Here's how went down. On Nov.6th last year I got lucky. I arrowed a buck that I had been seeing every night. This was from my tree stand.On a fence row.The does came out of the woods and feed every night . Then the buck right before dark.They would cut across a bean field out of range.I was going to move down and sit up but I new that I would get busted.So I'm thinking bring out a decoy.My back yard target.Small 8 pt. buck.So I set the buck out in the bean field.About 20 yards from my stand but just pass it.I look up and here comes two small buck. fork horns.They was all round my decoy. Then I here a grunt coming from on down past my stand.Then I see him.So did the two fork horns.He ran them off and turned to see my decoy. He came walking sideways with his head down.I had to shoot him at about five yards.I new this was one dead deer.He jumped the fence and went about 75 yards. So here what he was main fram 8 pt. with some kickers.14 pt.He scored 157 1/8 gross. 147 3/8 net. Just a little about him 25 in. inside 6 1/2 around base. g4's 14 in. I had him scored by a ohio big buck club member.I have never heard from them. (Ohio big Bucks club) Will I get in to the club these year or not ? I paid for it when it was scored. What time of year do they send out your membership ? Or does anyone have a # I can call ? Thanks


----------



## turkeytalker (Feb 11, 2008)

Here's how went down. On Nov.6th last year I got lucky. I arrowed a buck that I had been seeing every night. This was from my tree stand.On a fence row.The does came out of the woods and feed every night . Then the buck right before dark.They would cut across a bean field out of range.I was going to move down and sit up but I new that I would get busted.So I'm thinking bring out a decoy.My back yard target.Small 8 pt. buck.So I set the buck out in the bean field.About 20 yards from my stand but just pass it.I look up and here comes two small buck. fork horns.They was all round my decoy. Then I here a grunt coming from on down past my stand.Then I see him.So did the two fork horns.He ran them off and turned to see my decoy. He came walking sideways with his head down.I had to shoot him at about five yards.I new this was one dead deer.He jumped the fence and went about 75 yards. So here what he was main fram 8 pt. with some kickers.14 pt.He scored 157 1/8 gross. 147 3/8 net. Just a little about him 25 in. inside 6 1/2 around base. g2's 14 in. I had him scored by a ohio big buck club member.I have never heard from them. (Ohio big Bucks club) Will I get in the club these year or not ? I paid for it when it was scored. What time of year do they send out your membership ? Or does anyone have a # I can call ? Thanks


----------



## Stripers4Life (May 2, 2007)

no idea, but congrats on a nice buck


----------



## fatkid (Oct 14, 2006)

it took almost a year for one of mine to come . the last one took over a year cause it was there anniversary year . this is mike rex info nit sure if he is the president any more but he will give you the info you need

lets see some pics of this guy



Division of Wildlife Map 


For more information contact Mike Rex 
Phone 740-594-9567 
Email [email protected]
Address P.O. Box 205 Amesville, Ohio 45711


----------



## Flathead King 06 (Feb 26, 2006)

there is a website for the club... just google ohio big buck club and it should pop up... they have the annual deer contest each march at the state fairgrounds in columbus and you take your mount or rack in and pay an entrance fee (something like $12 or $15) and you can walk around and check out all the vendors and goodies while your deer is hung on a plywood wall with about 1000 more deer and then judged in its category... nice thing to go do if you've never been... alot of neat stuff to check out plus some free handouts at most vendors...


----------



## buckeyeguy (Aug 20, 2006)

I have never been fortunate enough to shoot a buck that would qualify (YET), but after looking at their website you may not hear anything until next year.

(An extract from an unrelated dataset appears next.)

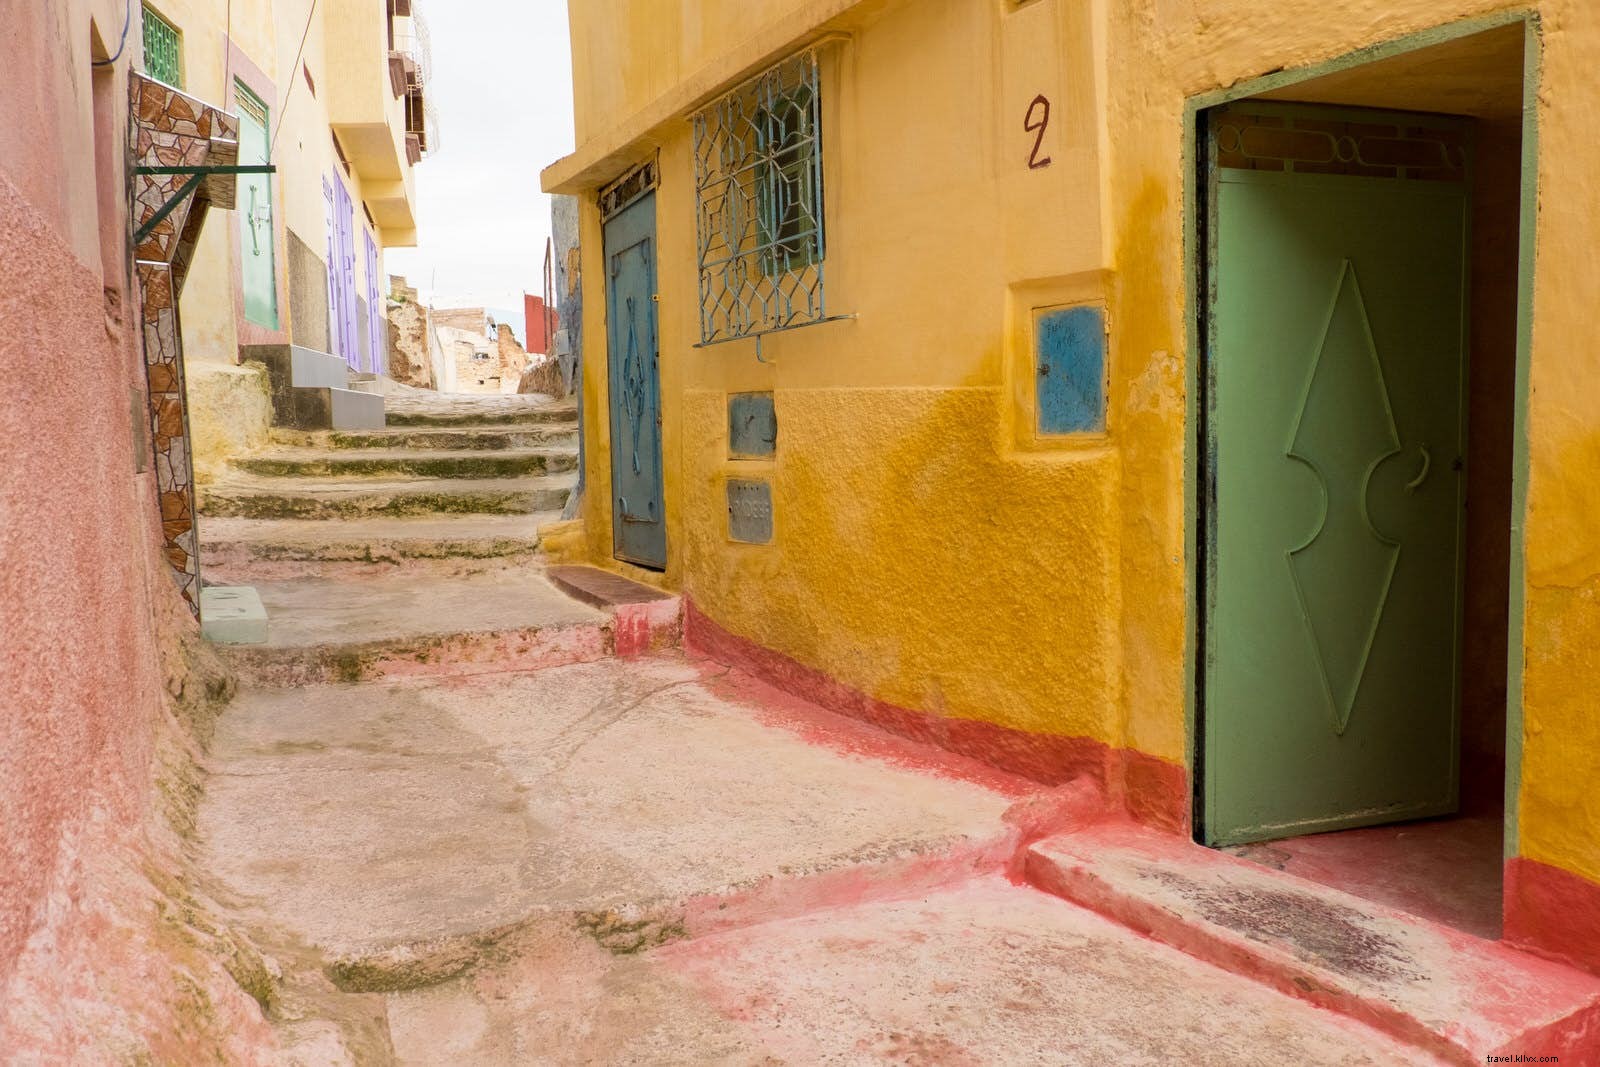 Singes, ruines et maisons troglodytes dans le Moyen Atlas solitaire du Maroc 
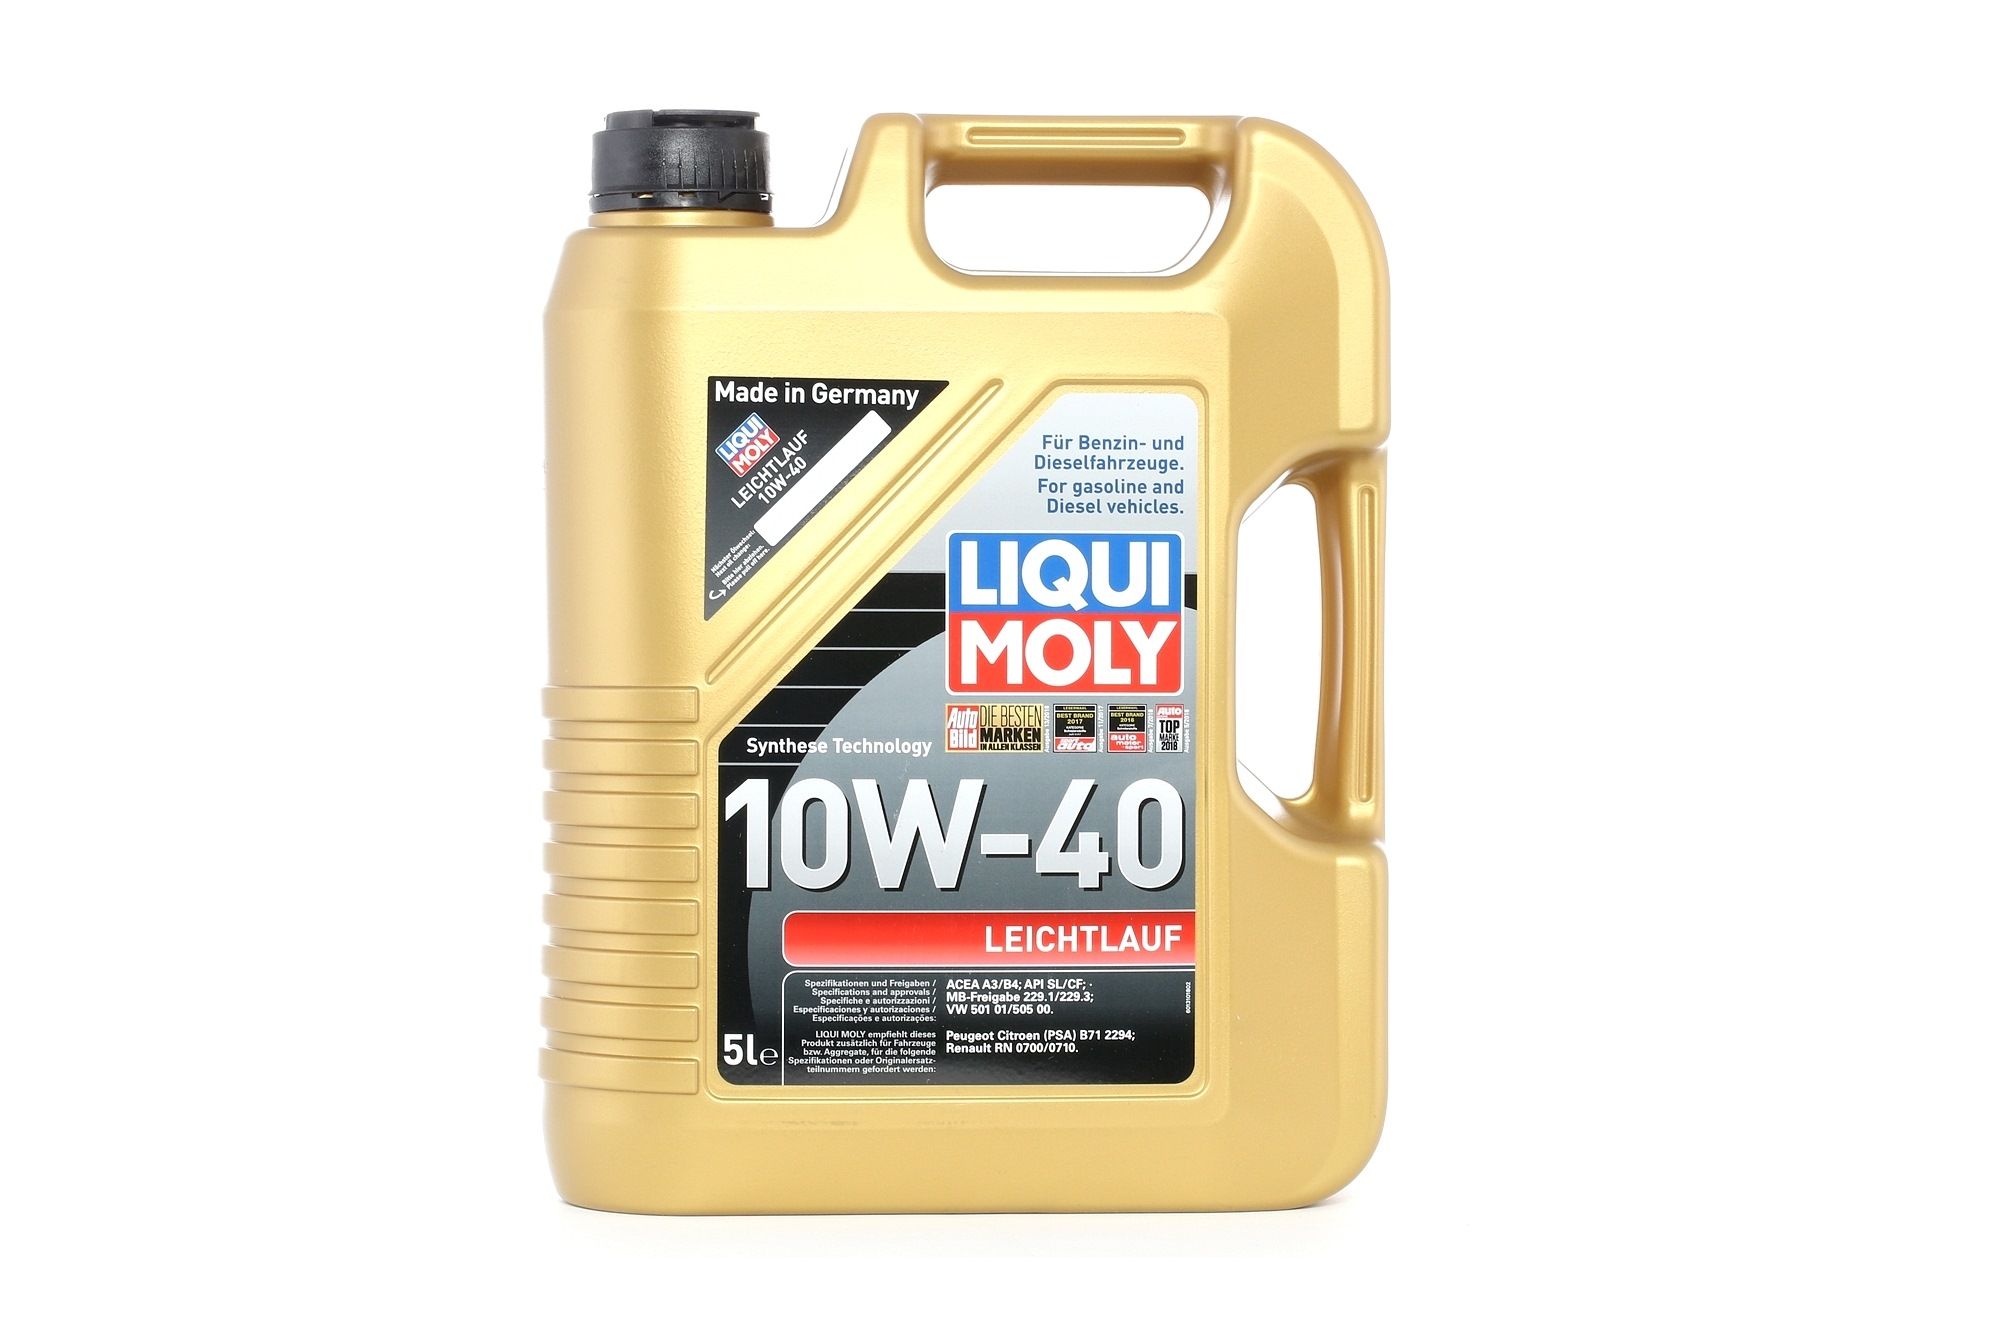 Liqui Moly Leichtlauf 10W-40 Motoröl , 5 Liter

> To become a member of the BBBC, your Ohio whitetail deer must be taken by the fair chase and within the limits of the law and tagged by the state of Ohio............ To determine if your buck qualifies or not, take your antlers to an official scorer and he/she will take the official measurements. There is no charge to have your buck scored. If your buck qualifies, there is a $25 membership fee. *At that time your official scorer will take all the information needed to put your name in the record book. You will be invited to the annual banquet/awards ceremony/membership meeting the following year. This is where you will receive your frame able certificate in recognition of the buck that you harvested.*


http://www.buckeyebigbuckclub.org/membership.html


----------



## fishintechnician (Jul 20, 2007)

yeah I agree was checking it out and man do they have some monster on there


----------



## Tatonka (Aug 23, 2007)

There is a drying period before it can be officially measured and scored.
Is there any Pics of the Buck?


----------



## fireline (Jun 14, 2007)

Your deer will be entered this February at the annual meeting, The last few years it has been at Fin Feather Fur, If you want you can take your head up for display and then take it home after the banquet. I have been to a few of these and it is a nice event they have guest speakers throughout the day and the awards after the dinner.and you will receive a Ohio Big Buck certificate with your name and your deers score on it which looks very nice framed next to your mount, There is always a lot of great bucks to look at. And congratulations on a great deer


----------



## Tatonka (Aug 23, 2007)

fireline said:


> Your deer will be entered this February at the annual meeting, The last few years it has been at Fin Feather Fur, If you want you can take your head up for display and then take it home after the banquet. I have been to a few of these and it is a nice event they have guest speakers throughout the day and the awards after the dinner.and you will receive a Ohio Big Buck certificate with your name and your deers score on it which looks very nice framed next to your mount, There is always a lot of great bucks to look at. And congratulations on a great deer



I thought I saw an article that said the last meeting/banquet was held at FFF but wasn't sure so I never said anything.
Did the OP do a "Drive By" Posting  I want pictures damn it, PICTURES of the :!


----------



## gregnwtf (Mar 6, 2009)

Tatonka said:


> I thought I saw an article that said the last meeting/banquet was held at FFF but wasn't sure so I never said anything.
> Did the OP do a "Drive By" Posting  I want pictures damn it, PICTURES of the :!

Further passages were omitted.